### [SOURCE DATA]
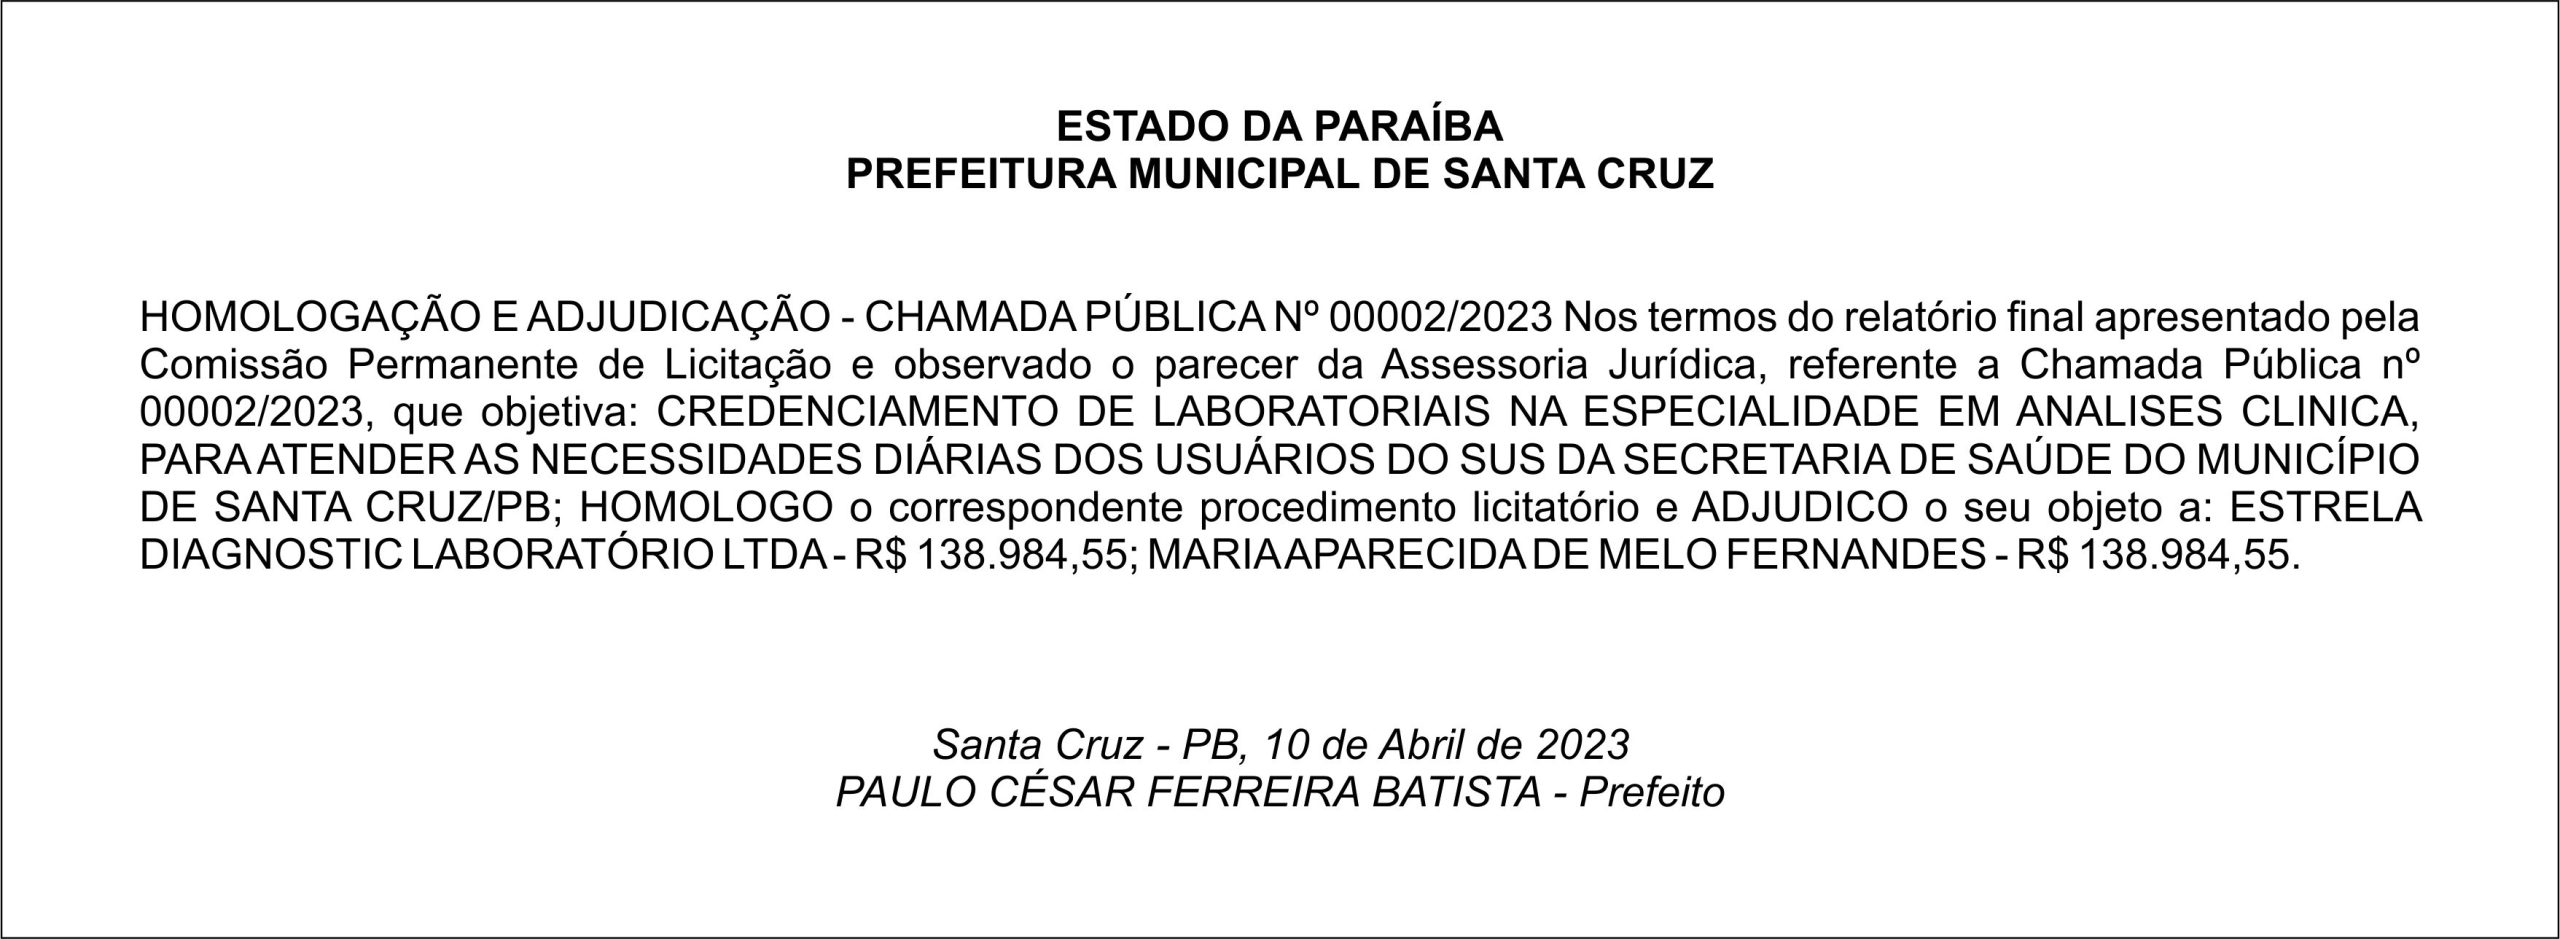 PREFEITURA MUNICIPAL DE SANTA CRUZ – HOMOLOGAÇÃO E ADJUDICAÇÃO – CHAMADA PÚBLICA Nº 00002/2023
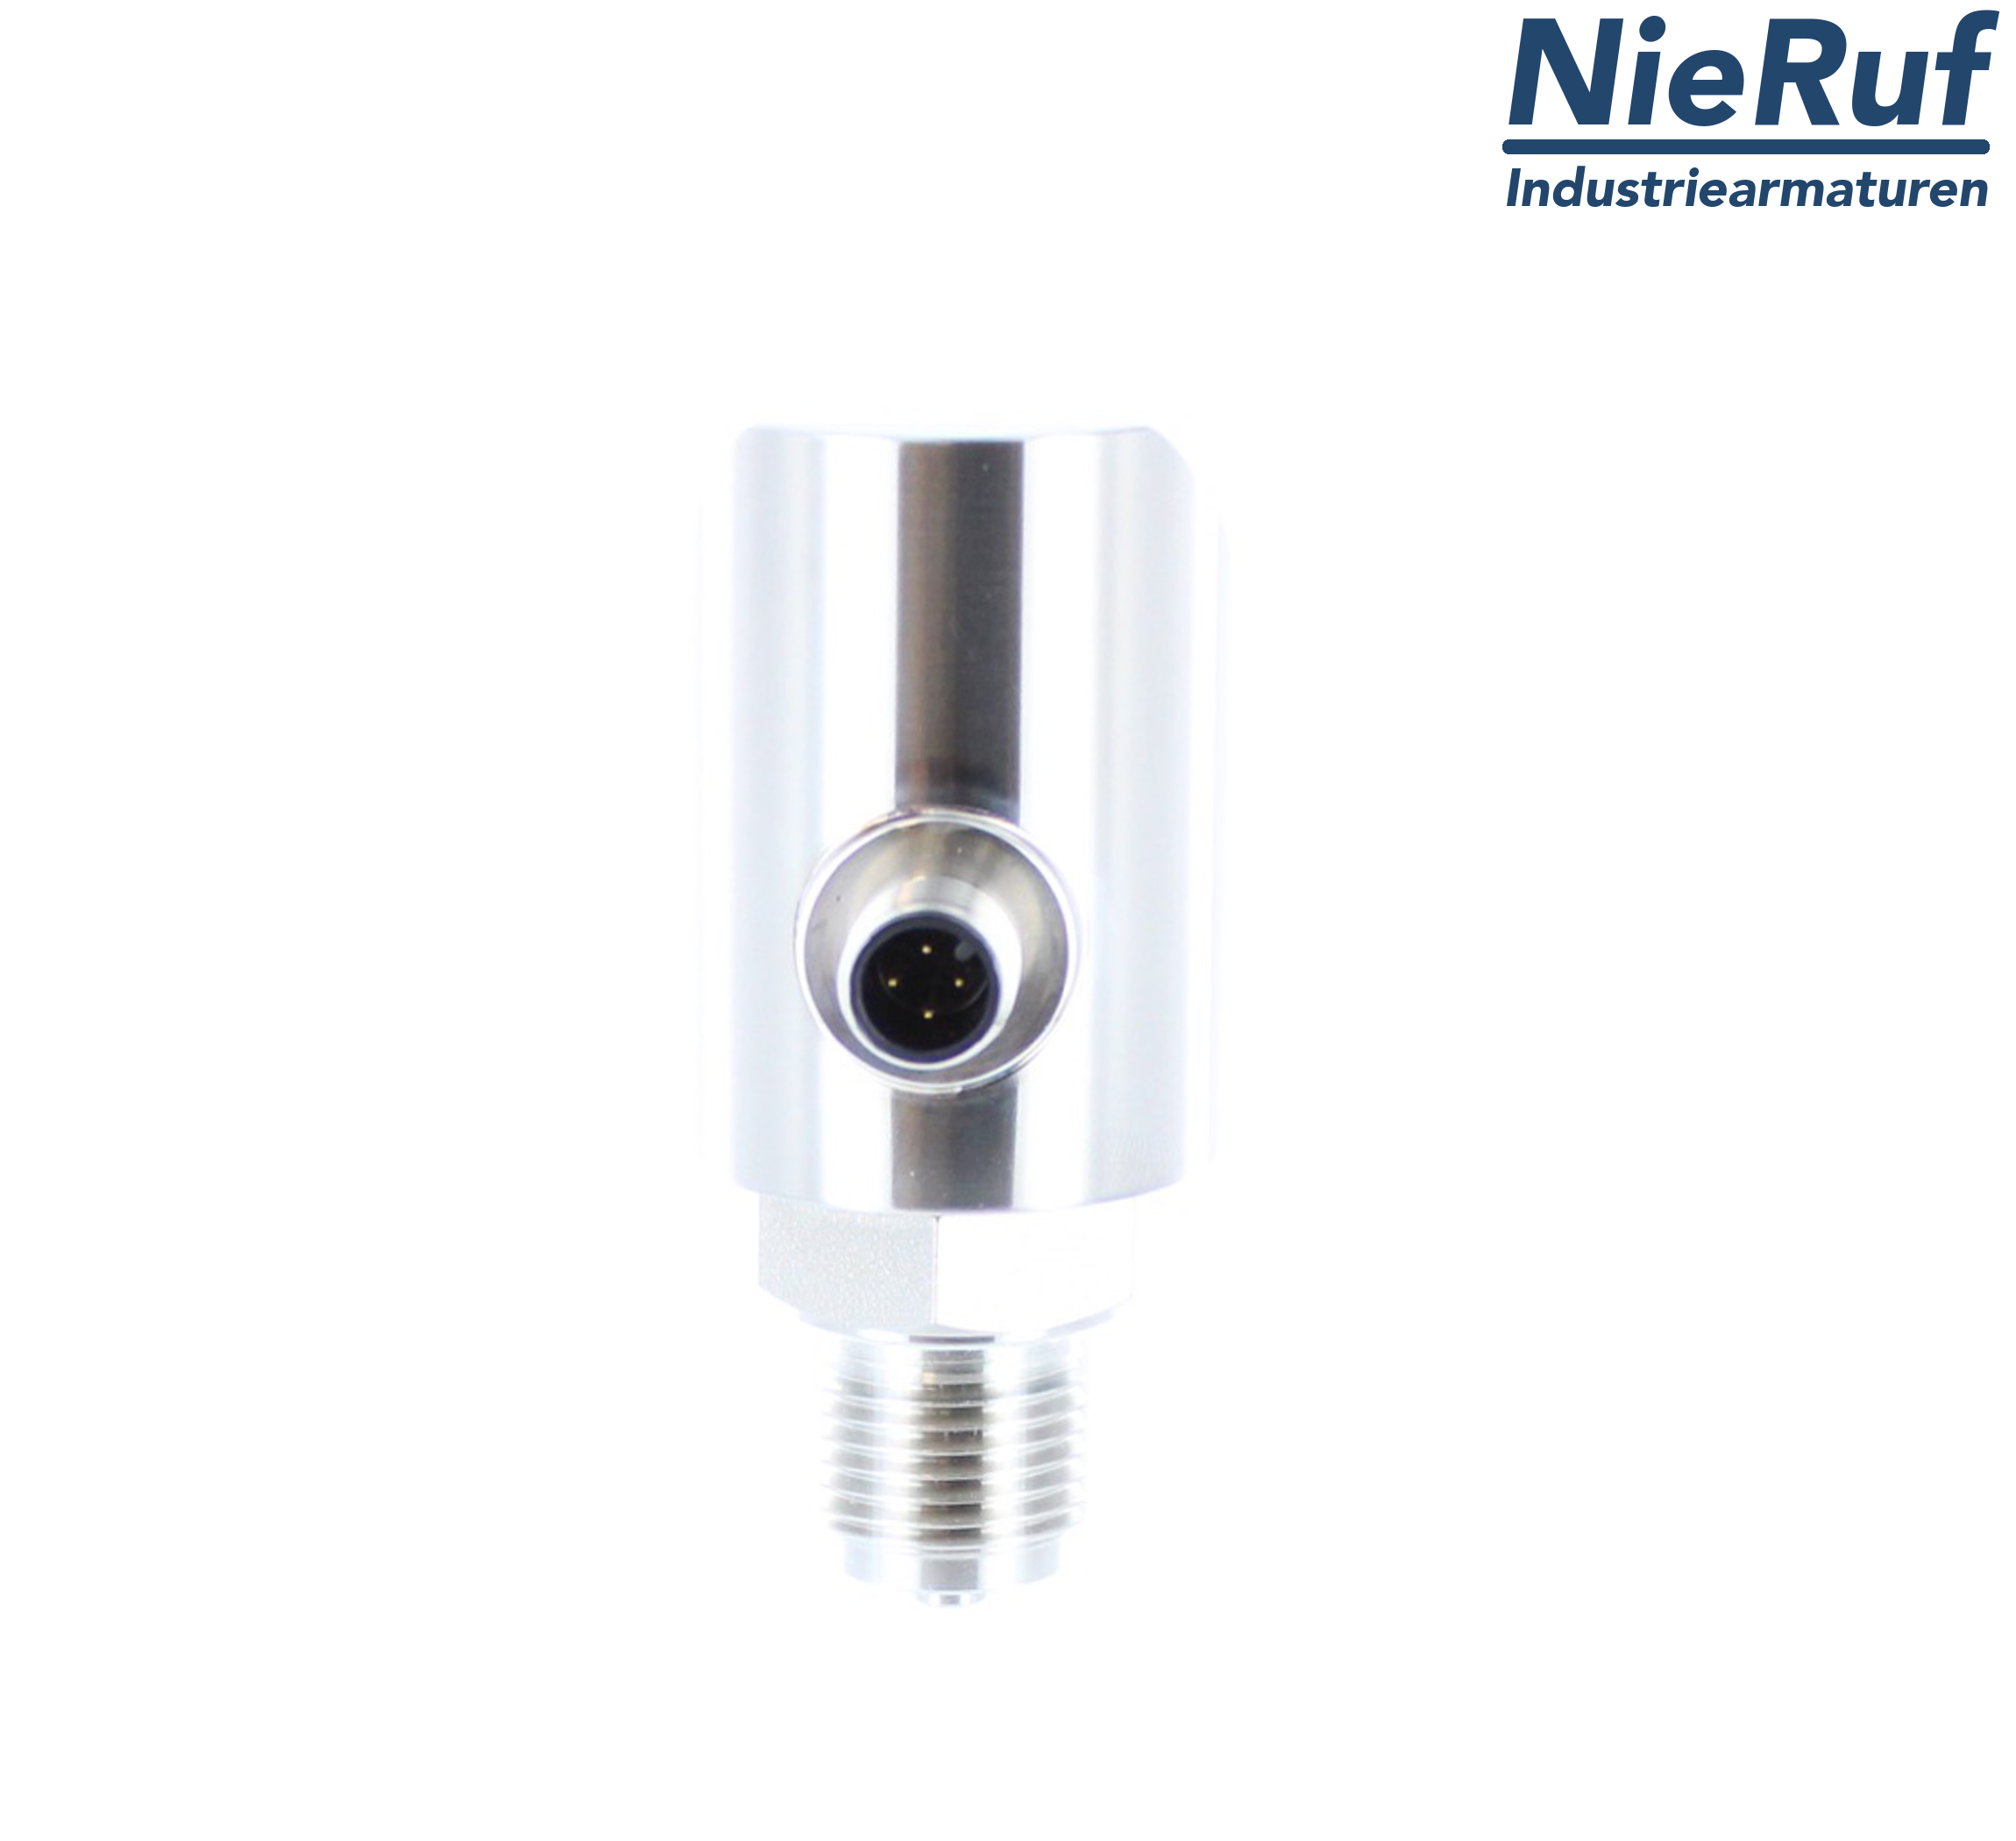 digital pressure sensor G 1/2" B 5-wire: 2xPNP, 1x4 - 20mA FPM 0,0 - 60,0 bar
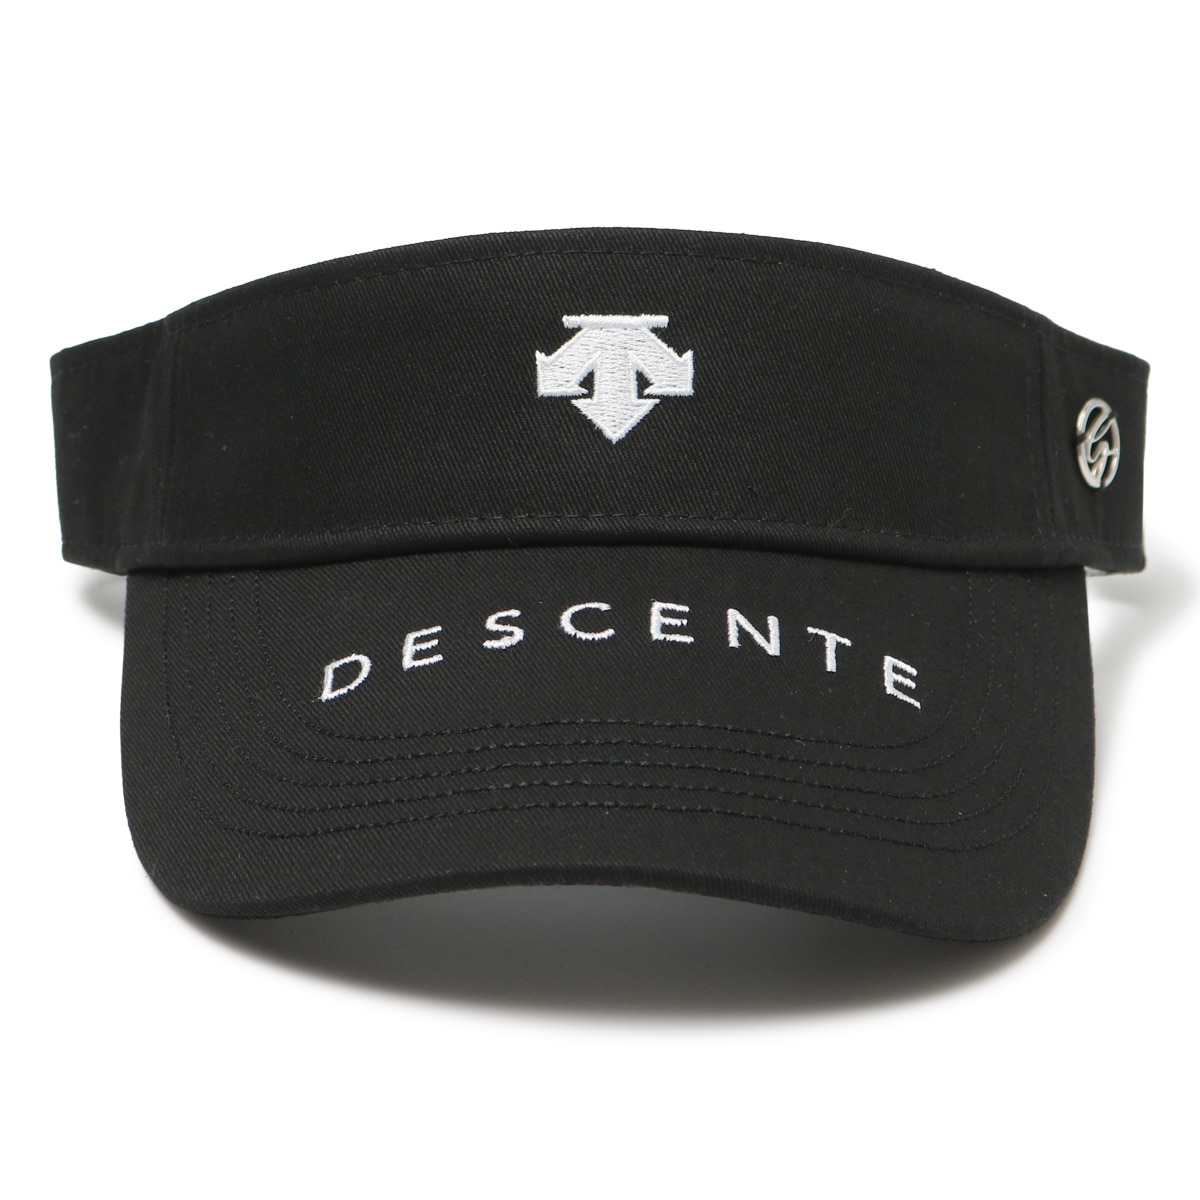 デサント ゴルフ サンバイザー 帽子 ロゴ刺繍 レディース DGCVJC50 DESCENTE Move Sport 吸汗速乾 手洗い可 抗菌防臭  サイズ調節可能

### [PROBLEM TO SOLVE]
Everything in the listing above must be retyped exactly, except for the pictures.

### [TASK RESPONSE]
 PREFEITURA MUNICIPAL DE SANTA CRUZ – HOMOLOGAÇÃO E ADJUDICAÇÃO – CHAMADA PÚBLICA Nº 00002/2023
 digital pressure sensor G 1/2" B 5-wire: 2xPNP, 1x4 - 20mA FPM 0,0 - 60,0 bar
 デサント ゴルフ サンバイザー 帽子 ロゴ刺繍 レディース DGCVJC50 DESCENTE Move Sport 吸汗速乾 手洗い可 抗菌防臭  サイズ調節可能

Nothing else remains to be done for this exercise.